When Will the DAC Singularity Be Reached?


A humorous title, but wondering if those more in the know have an opinion on either: i) examples today where inexpensive DACs (say under $2500) are comparable or superior to expensive (say over $10K) DACs or ii) can we anticipate that within a relatively few number of years that inexpensive DACs will basically achieve the sound quality of today's expensive DACs? Thanks. 

mathiasmingus
Post removed 

@thyname

yep our resident sicko is back yet again, with another lame username and same fake comments fake points of view fake persona...

like the sad shut-in teenage misfit going onto the porsche forums talking about how he once drove a bugatti veyron at sonoma raceway... only in his (wet) dreams!!!

sheesh

I know that my comment will fall on tone deaf ears but I find all of these arguments self serving and gibberish. I became an “audiophile” in 1966 when in Vietnam and bought  Sony reel to reel with both detachable lid and sidemounted speakers. Wow. It beat the hell out my portable radio. Peter, Paul and Mary were awesome and Uncle Bob couldn’t sing a lick but wrote great stuff, somebody in our basecamp had  a similar tape recorder but added some Pioneer full range speakers. Off to the PX and massive improvement till someone added receiver for more power. Holy Mackerel. I had to get me one of those. So I did. I rotated back to the states before getting a turntable but the scarcity of prerecorded tapes made a Gerrard necessary.I upgraded for more power, auto reverse and turntable vs changers, but the constant was ANALOG. I hated clicks and pops and tape hiss but the music was not an issue. It was great. Now I have pay thousands of dollars to try to recapture the analog era that we lost to bandwidth. Tape deck $200. Pioneer speakers $115 each. Sansui receiver $125. Gerrard changer $119. Less than $700 for a mid quality analog system that my fellow soldiers coveted. How much is a good DAC? No wonder 50 year old stuff is so popular!
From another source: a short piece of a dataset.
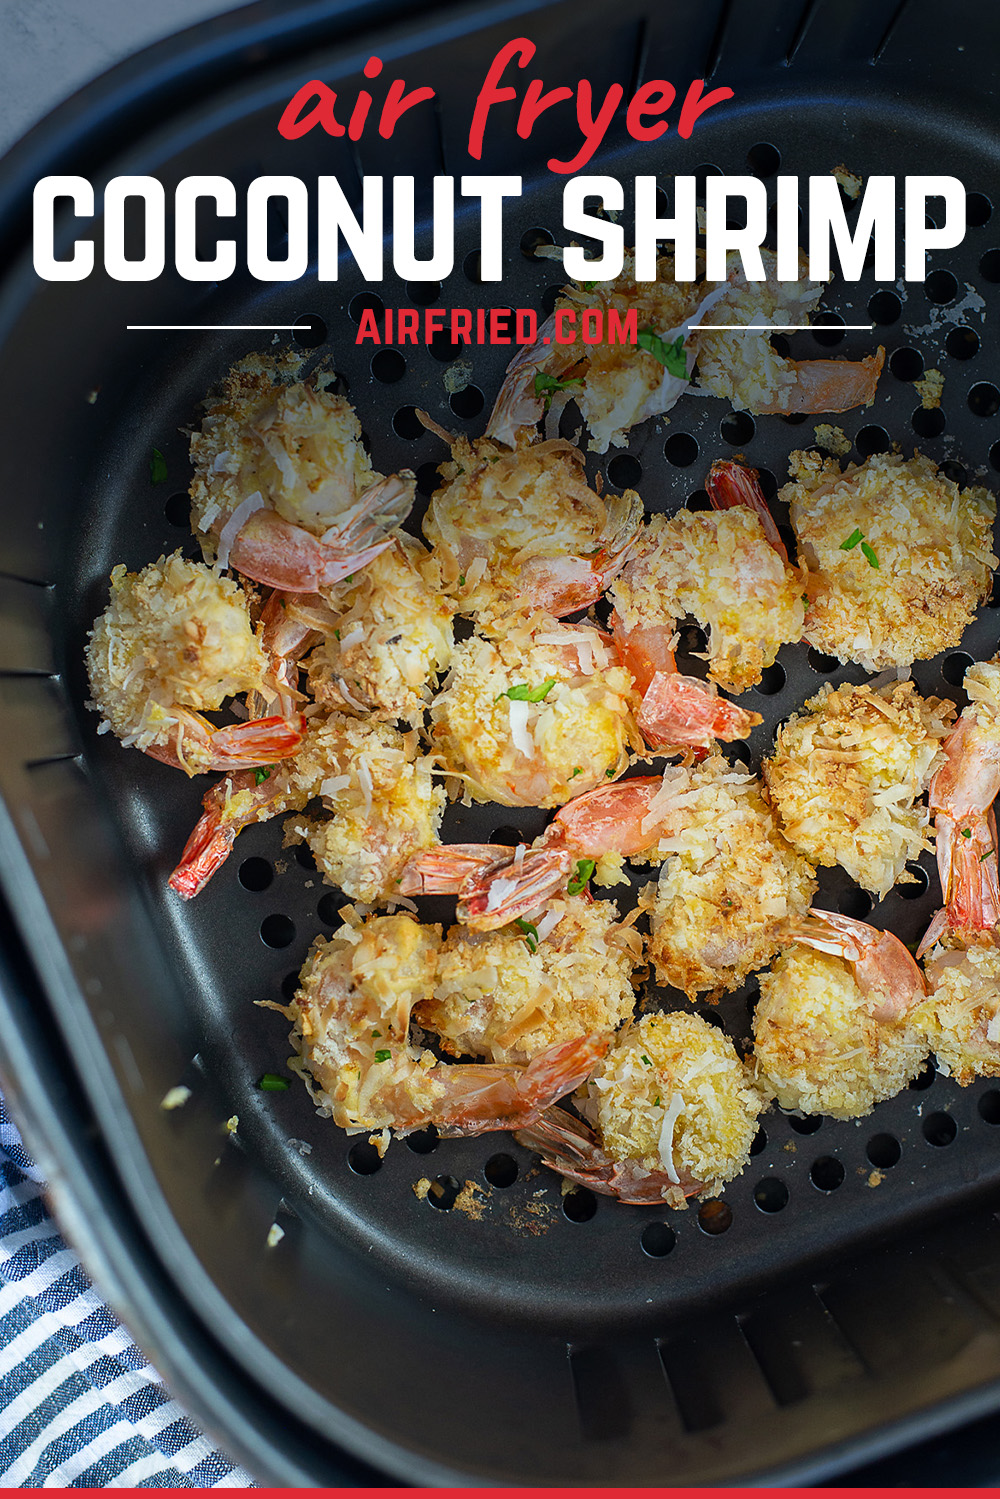 You can make this air fryer coconut shrimp in about 10 minutes!  The result is a crispy shrimp ready for dipping in your favorite cocktail sauce.

Actually, that $700 outlay for a decent stereo would be much more today.

$700 in 1966 is equivalent in purchasing power to about $6,570.65 today, an increase of $5,870.65 over 57 years. The dollar had an average inflation rate of 4.01% per year between 1966 and today, producing a cumulative price increase of 838.66%.

All said, that amount would get you a mighty fine system today.

All the best,
Nonoise

My Emotiva DAC for $300 in 2011 was modified with 5 $47 Sparkos regulators, high quality Panasonic power caps, film caps, etc. and a Synergistic Research purple fuse. The unit comes with a fully discrete audio board without Op-Amps. The result is $20K sounding DAC on the cheap. It also operates flawlessly, stand-by mode, digital close matched attenuation, nice heavy/quality remote (why is it that so much higher end gear have junky feeling plastic remotes) and light dimming display. Nothing missing in operation and sonically a window to the digital master whatever the engineer did. It is an equivalent but different sound than my analog set up. I’ve heard many under $20K DACs and very few expensive ($5K+) CD players. I don’t know if a CD player for less is as good as separates can be.

I'm sure that better DACs exist with more modern chips, clocks, etc. but basically, they need to sound musically involving and have great resolution, not leaving anything musically important out.  I've achieved that on the cheap and I tried $9K DACs also superbly constructed/art works but lacking in musicality (electronics design failed due to a noise laden conversion algorithm).